# I Never Have Anything to Say to Anybody?



## OneLastHamilton (May 13, 2016)

Why am I like this? I'm introverted, but not shy. That means that I need more personal time to recharge more than most people, but when I am with people I am just fine. However, when I'm trying to talk to new people, I simply have nothing to say to them. I want so badly to meet new girls, but it's so hard when you have nothing to say to them. I can't think of anything to ask them either... "hey, some weather huh...?" wow so interesting I'm sure the relationship will just blossom from there. Today in english I spoke to this one girl who's pretty cute. I asked her name and gave her mine. She said "nice to meet you". After that I just made a comment on the teacher and then turned around with nothing else to say. God, is that really the best I can think of...? I get jealous whenever I see a guy and a girl just talking. All I can think of is "damn, how can they be talking for so long and seem so into it, I couldn't do that in 1,000 years". 
I think after some deep soul searching I've come to the conclusion that I just don't care much about other people, that that is the underlying problem. I just might be self centered and not realize it. Maybe I'm not asking better questions because I don't care what the answer would be. How do I care more? It all comes down to me wanted more relationships with people, girls especially. I fail at such a basic part of relationships, which causes me to be more lonely and bitter towards people who can talk so freely and happily.


----------



## Considerate (Aug 5, 2012)

It takes practice dude. On the bright side, at least you are trying to improve yourself and at least you managed to speak to the cute chick even though it was short. There are hundreds of people on this site that WISH they can do what you just did (not me, I don't have this issue), but yeah, you're good man. All you have to do is keep practicing. In middle school I was the same way, I couldn't maintain a conversation with a girl to save my life. It was until high school where I was just like "F--- this" and just went with the flow, what I mean by that is, I just spoke to chicks without a care in the world and I stopped overthinking "oh god what do I say next?? what is she thinking??". I just stopped caring about all that, went with the flow, and the conversation carried itself.
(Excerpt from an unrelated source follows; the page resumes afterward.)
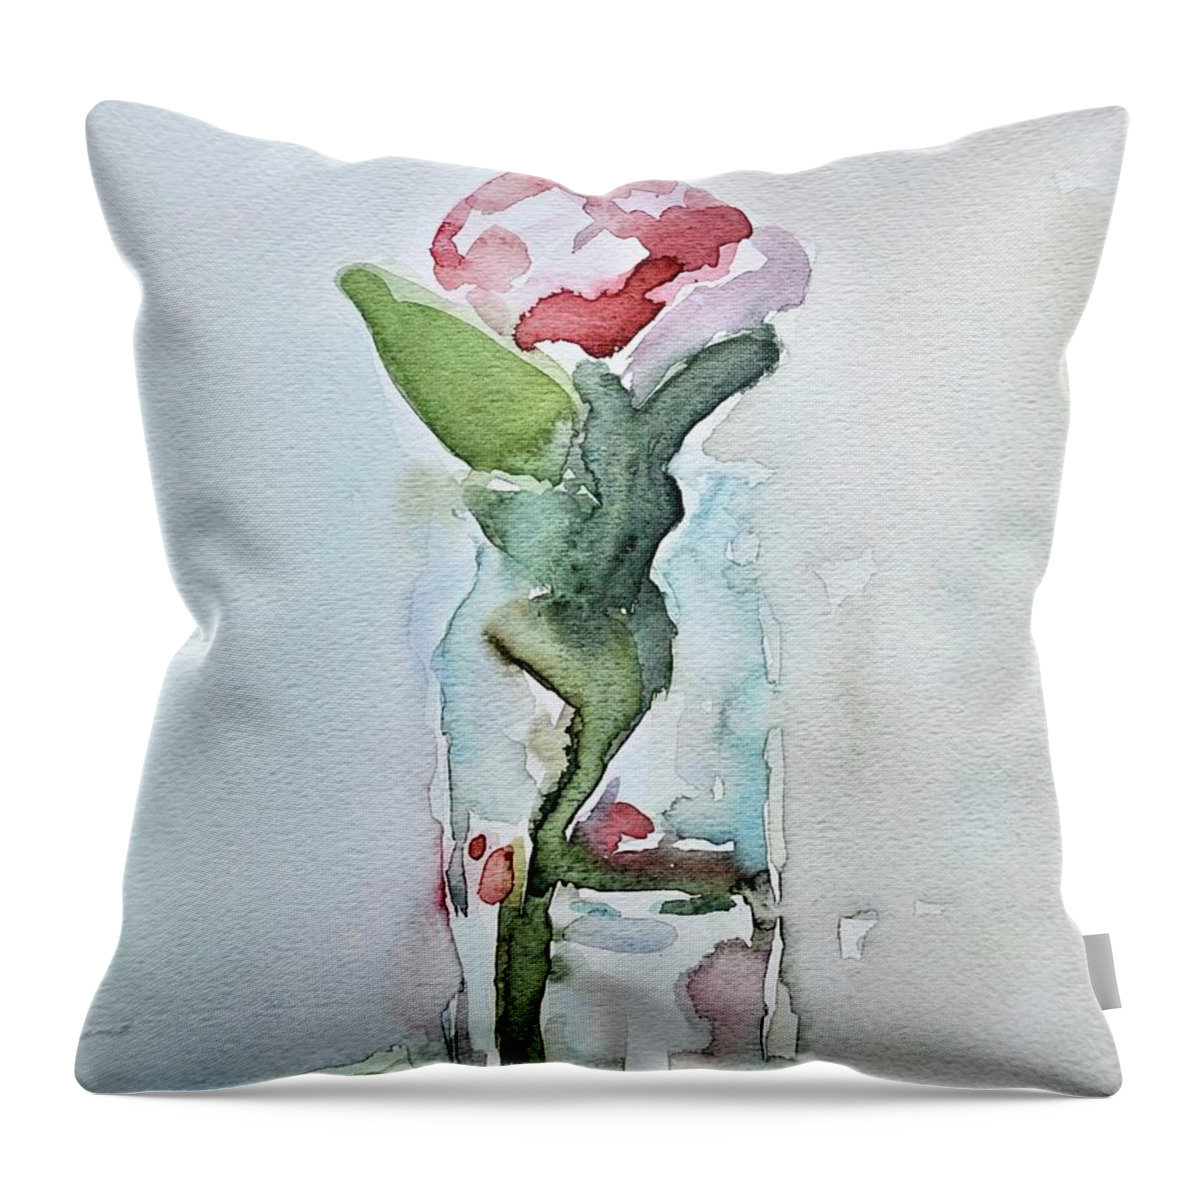  Throw Pillow featuring the painting Still Life by Mikyong Rodgers

You also have to keep in mind that sometimes the conversation unfortunately will die soon, so it's best to not force it.


----------



## Kevin Heiden (May 21, 2016)

Yeah got the same, its really that i start thinking a lot about what i want to say, which causes stress, which blocks your brain of thinking straight. I sometimes just talk with someone and everything goes fine, but sundently my SA kicks in. Thoughts like; is this person liking the conversation? is this person interested? I then become waaaay to self aware, everything I say feels forced to me and I some times don't even listen to the person iam talking to because iam just to busy finding a toppic. After that I just feel bad and think that the person hates me. 
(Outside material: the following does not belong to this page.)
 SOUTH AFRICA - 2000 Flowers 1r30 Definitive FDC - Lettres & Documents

The best thing you can do is go over the line and say something that maby has to do with your personal life, ask her/him what he has done yesterday or is going to do something. 
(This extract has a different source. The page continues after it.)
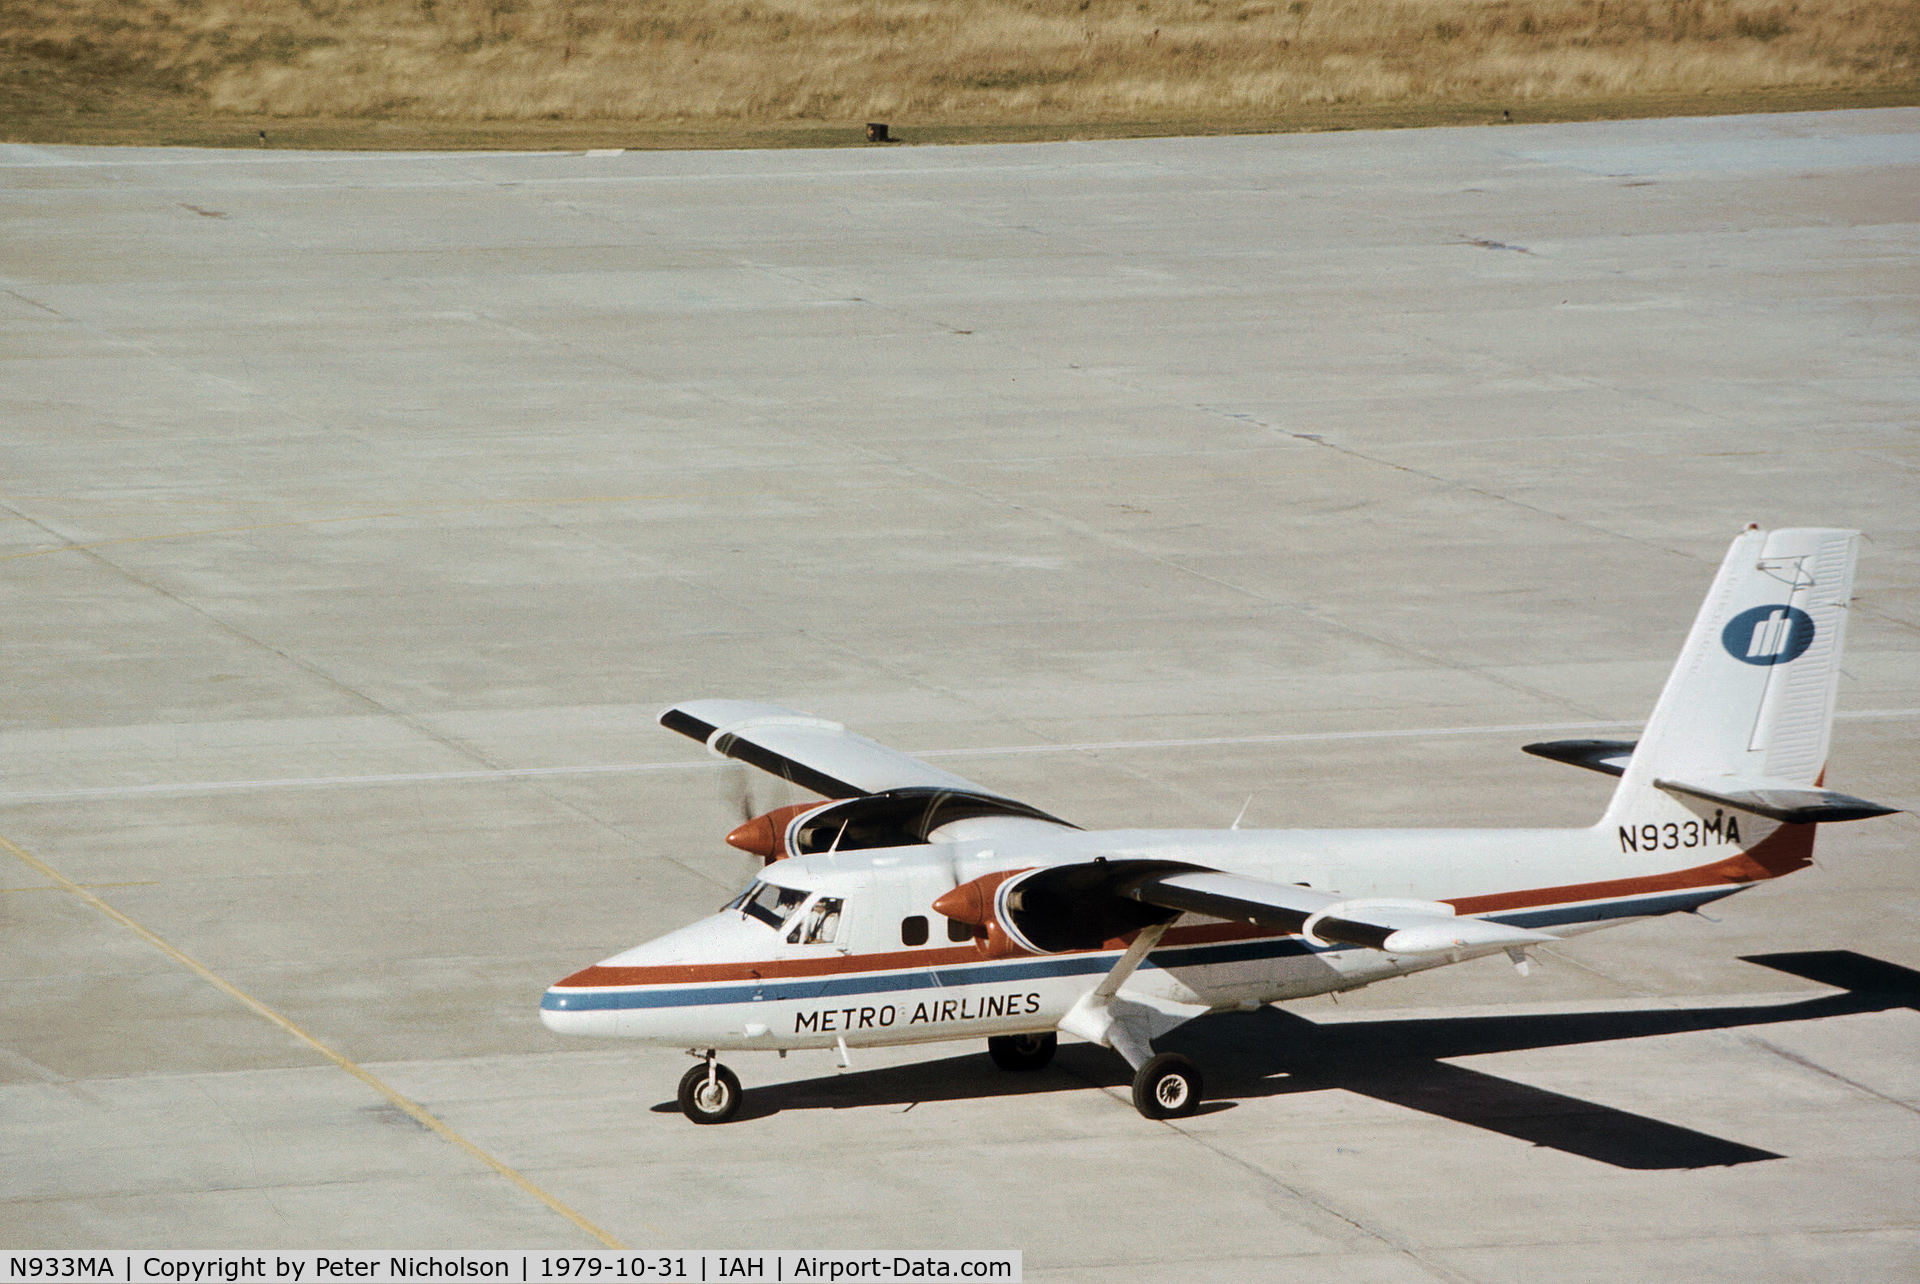 N933MA, 1979 De Havilland Canada DHC-6-300 Twin Otter C/N 614, Twin Otter 300 of Metro Airlines arriving at Houston International in October 1979.

NEVER EVER, start the toppic: we have nothing to talk about haha

As the person above me said, it takes practice. 

Good luck!


----------



## teopap (May 12, 2013)

I have the same problem. My only hobbies in this life is trekking and cycling. Most of the times I do it solo, sometimes I join groups. I still have nothing to talk about, even if we have the same interest.


----------



## Friendonkey (May 13, 2016)

Same here


----------



## stewartmays1 (Dec 6, 2014)

if i know that person i can talk for hours sometimes for me its when i dont them i cant think of anything to say im not much of a talker these days anyway ans when a girl i like comes along its a nightmare


----------